Турчин радостно выскочил из ординаторской, чуть не сбив дверью входящую докторшу, умницу, невозмутимейшую Елену Ивановну. Пробить ее чем-то необычным было невыносимо трудно: она все знала и все повидала. Наверно, поэтому, мало кто из пациентов видел ее даже улыбающейся, а уж смеющейся не видел никто, это точно. Очень редко ее мог рассмешить Турчин, анекдотом или веселой историей из жизни окружающих. Сама она была весьма остроумной.
– Куда это Вы, да такой радостный? – спросила Елена Ивановна, – Никак облаготетельствовал кто?
– Бабушка вчерашняя померла, – ляпнул не подумав Турчин.
– Вот радости-то привалило Турчину, разбираться со случаем.

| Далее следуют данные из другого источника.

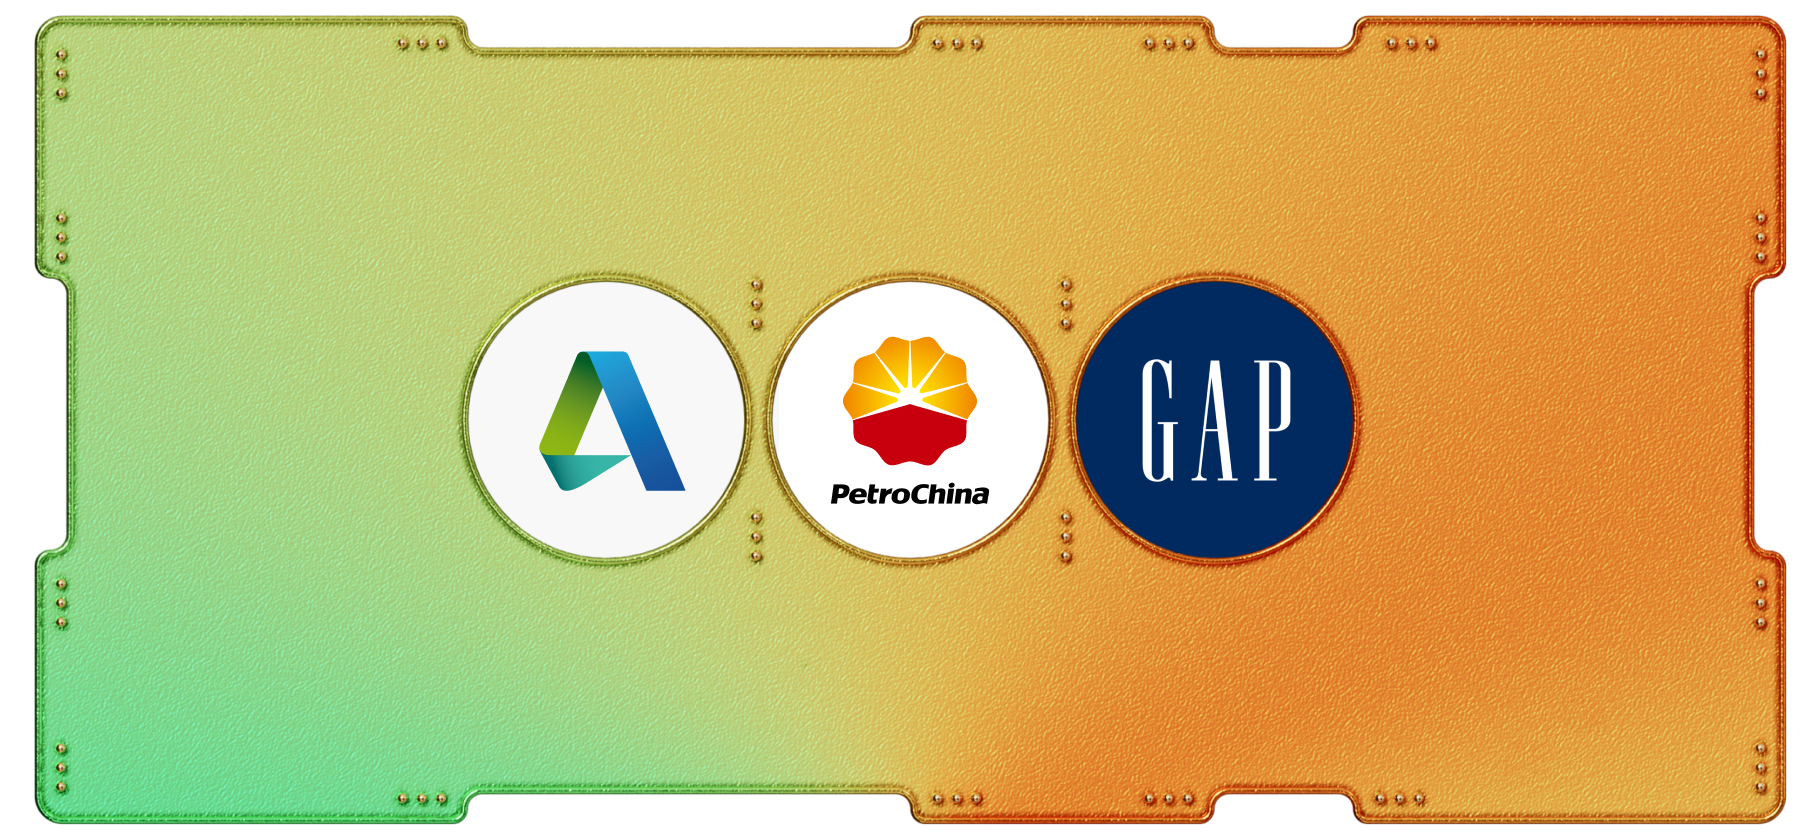 Календарь инвестора: Autodesk, PetroChina и Gap выпустят отчеты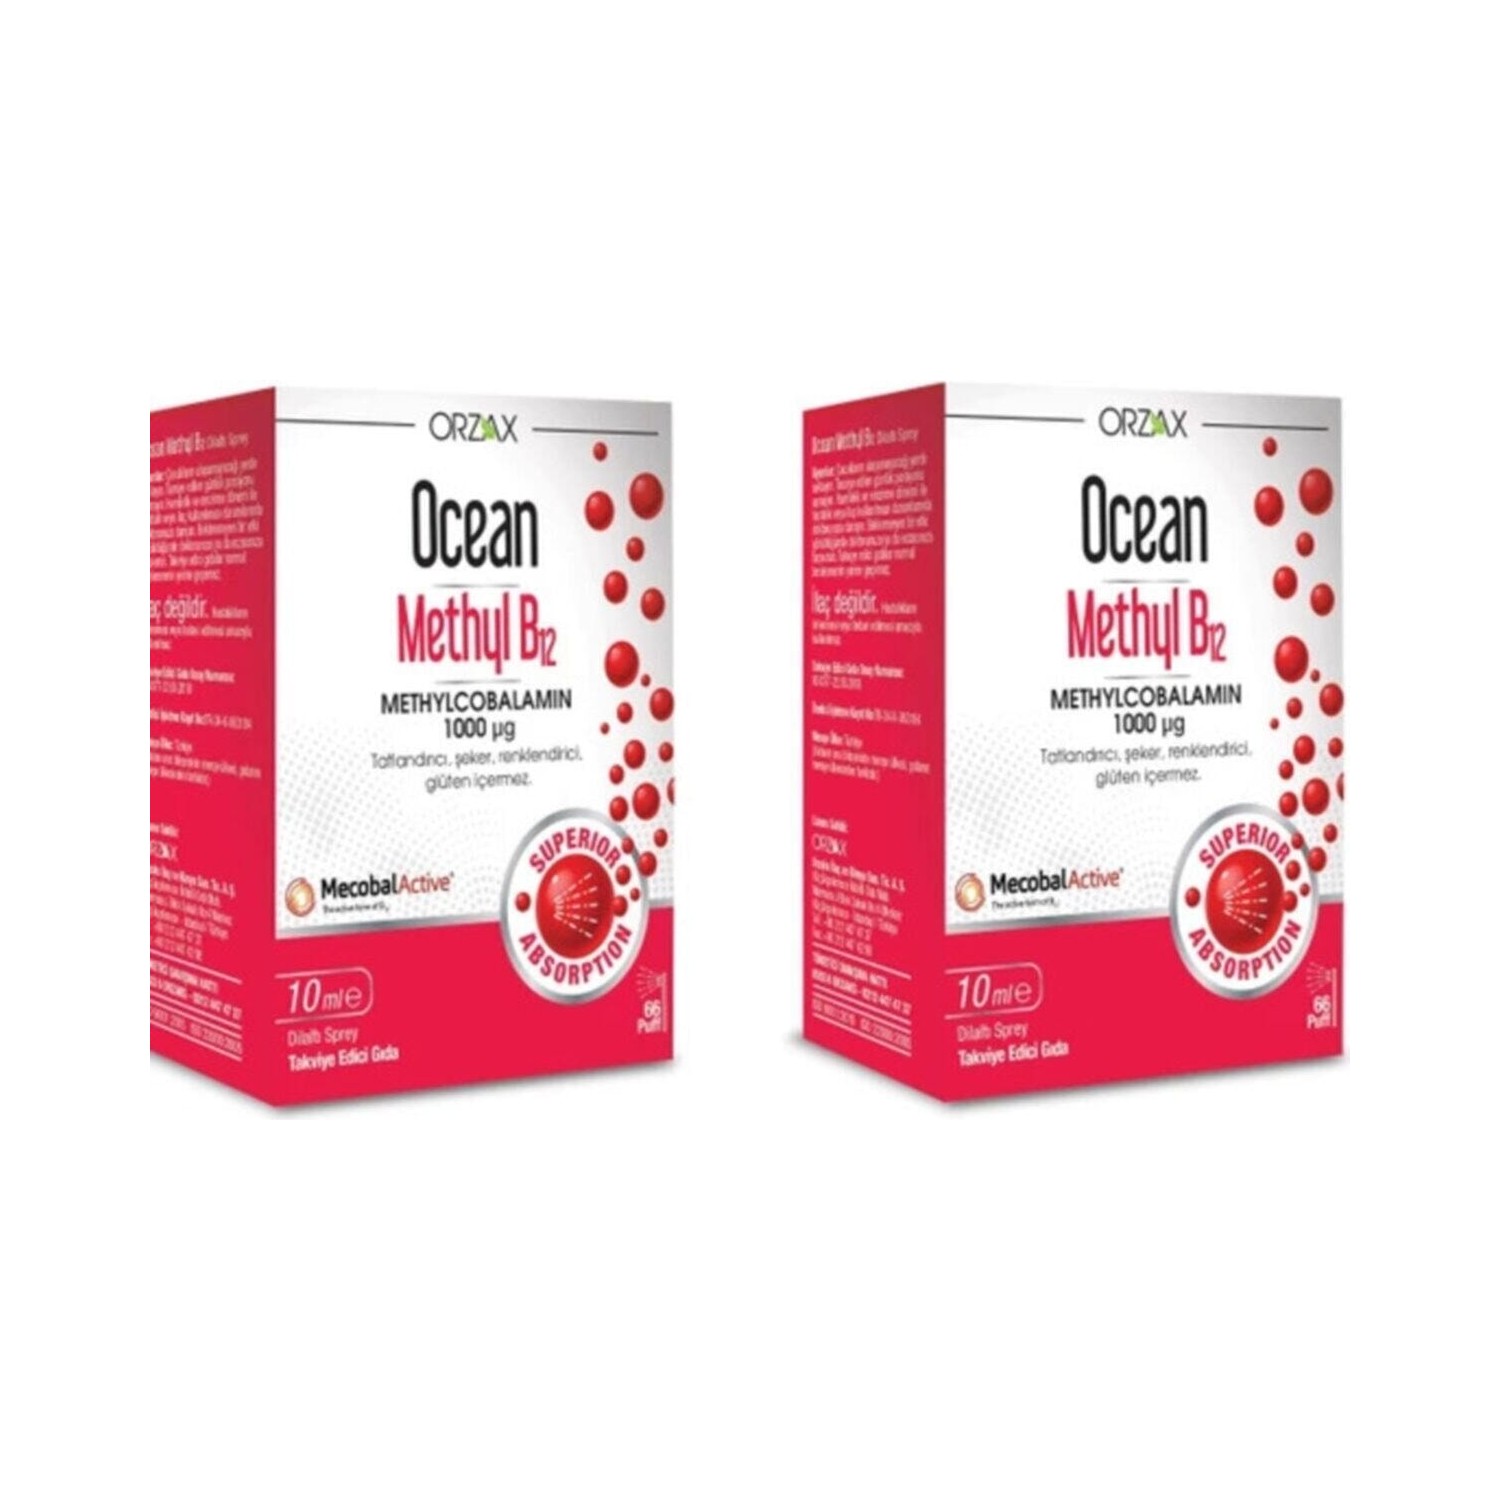 Метил B12 Ocean 1000 мг, 2 упаковки по 10 мл цена и фото

Иван Николаевич уже искал историю болезни бабули на посту медсестер. Она лежала на столе сверху. Он раскрыл последнюю страничку и прочитал имя-отчество сына. «Так вот как Вас кличут, Ерофей Митрофанович, унылый и сомневающийся философ-соучастник».
Нашел и амбулаторную карту. Вдруг ему захотелось услышать голос красавицы дочери покойной.
– Але, Елена Константиновна? Это доктор Турчин. Примите мои соболезнования!
На том конце женщина молчала, видимо, не могла прийти в себя от такой скорости реализации ее проекта. Так и есть:
– А что, Иван Николаевич, уже все?
– Вы разве не знали еще? Вас что-то не устраивает?
– Нет, что Вы! Я поражена, как умеют работать наши врачи, – с великой долей сарказма произнесла красавица, Елена Константиновна.
– Примите еще раз мои соболезнования. Справку, давайте Вам в понедельник выпишу, хорошо?
– Хорошо, – ответила красавица из центра и отключила связь.
Ладно. Не хочет больше общаться. Турчин побежал доделывать выписки. В ординаторской Светланы Геннадьевны уже не было, Шастин продолжал сидеть, уткнувшись в экран монитора, Елена Ивановна уже что-то писала.
– Ну, что бабушка? – спросила она.
– Приказала долго жить, – ответил Иван Николаевич.
– И все?
– И все. Девяносто лет.
Все замолчали, торопясь сделать сегодняшнюю работу побыстрее. Сильно старался и Турчин. Даже справку о смерти бабушки сделал сегодня. Так быстро, странно, без особой пятничной суеты прошел день.
В половине третьего в ординаторскую забежала заведующая, вытащила из холодильника остатки обеда для своих кошек, напомнила Турчину, чтобы смотрел больных в приемнике, сказала «пока-пока» и встряхнув гривой своих роскошных волос, исчезла. Турчину Светлана Геннадьевна напоминала Маргариту Булгакова: ее нрав и фигура как раз напоминали Ивану свою заведующую. Он даже часто представлял ее голой и на метле и не видел в этом ничего необычного. Она была то вихрь, то само спокойствие.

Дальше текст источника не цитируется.